Hamburg. Rouwen Hennings wurde in Hamburg mit Spielern wie Sidney Sam oder Maxim Choupo-Moting ausgebildet. Sein Glück gefunden hat er beim KSC.

Mit dicken Jacken und Wollmützen saßen einige Anhänger des Karlsruher SC am Mittwochmorgen vor dem Fanshop. Sie hatten dort die Nacht verbracht, um sich zum Verkaufsstart um 9 Uhr ein Ticket für das Relegationsrückspiel am Montag in Karlsruhe zu sichern. Die Karten für die Partie, die aus Sicherheitsgründen von der Deutschen Fußball-Liga von 20.30 auf 19 Uhr vorverlegt wurde, waren innerhalb kürzester Zeit vergriffen. Für das Hinspiel in Hamburg sind dagegen noch 300 Karten zu haben, da der KSC sein Auswärtskontingent nicht voll ausschöpfte. Diese sind an diesem Donnerstag ab 8 Uhr im Service-Center am HSV-Stadion erhältlich.

Viele Kartenwünsche gingen in den vergangenen Tagen auch bei KSC-Stürmer Rouwen Hennings ein. Der in Bad Oldesloe aufgewachsene Torschützenkönig der Zweiten Liga (17 Treffer) hat im Hamburger Umland noch viele Verwandte und Bekannte. „Da sind einige Anfragen auf meinem Handy eingegangen“, sagte Hennings im Gespräch mit dem Abendblatt. Ob der 27-Jährige im Volkspark auflaufen kann, ist allerdings noch unklar. Hennings leidet an einer Einblutung im Sprunggelenk und musste das Training am Dienstag vorzeitig abbrechen. „Ich denke, dass ich spielen kann“, sagte er am Mittwoch.

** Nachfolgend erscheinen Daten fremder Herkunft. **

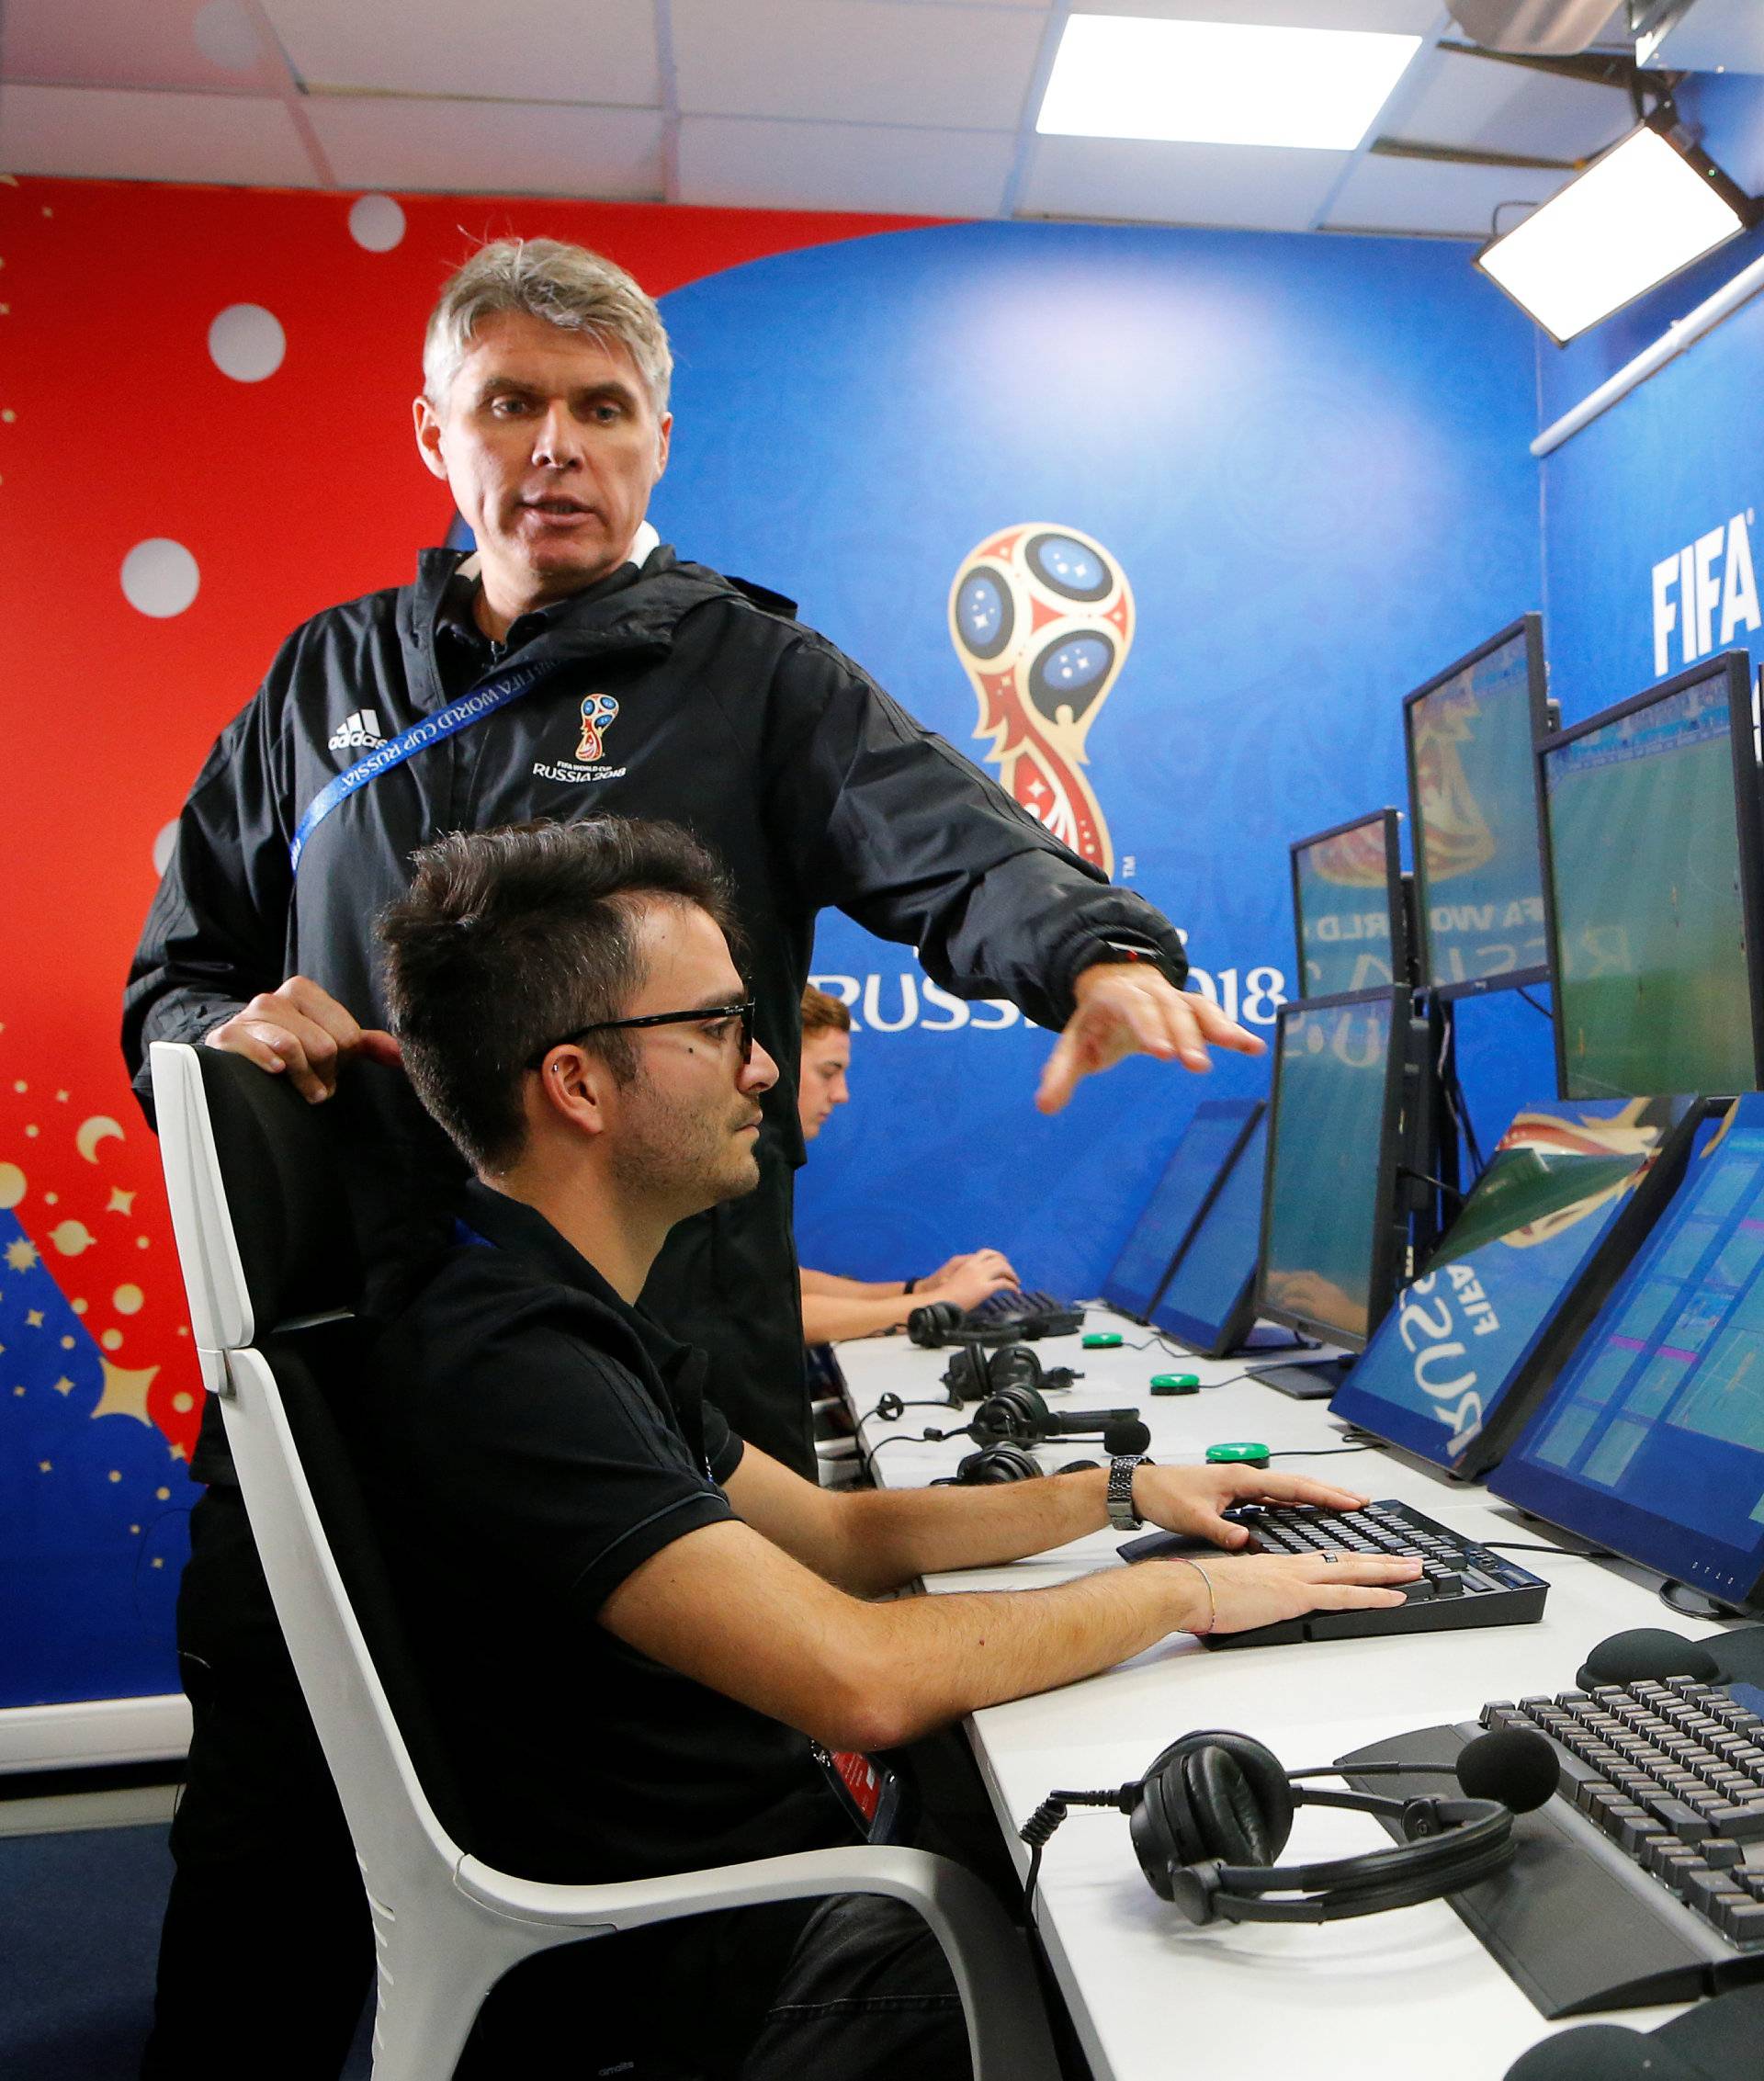 FIFA VAR Refereeing Project Leader Rosetti demonstrates a video operation room in Moscow

Mit Sam und Choupo-Moting ausgebildet

In jedem Fall wird es für Hennings ein Wiedersehen mit seinem ehemaligen Arbeitgeber. 2001 wurde der beim VfL Oldesloe spielende Stürmer zu einem Probetraining des HSV eingeladen – und überzeugte. Hennings zog in das Internat nach Norderstedt, wurde gemeinsam mit Talenten wie Änis Ben-Hatira, Maxim Choupo-Moting oder Sidney Sam ausgebildet und schaffte unter Trainer Thomas Doll den Sprung in den Profikader. Zum Einsatz kam er dort aber nicht. Nachfolger Huub Stevens setzte auf andere Namen. Und so endete das Kapitel HSV für Hennings. Über die Stationen VfL Osnabrück und FC St. Pauli ging es schließlich nach Karlsruhe, wo der Angreifer seine sportliche und private Heimat fand.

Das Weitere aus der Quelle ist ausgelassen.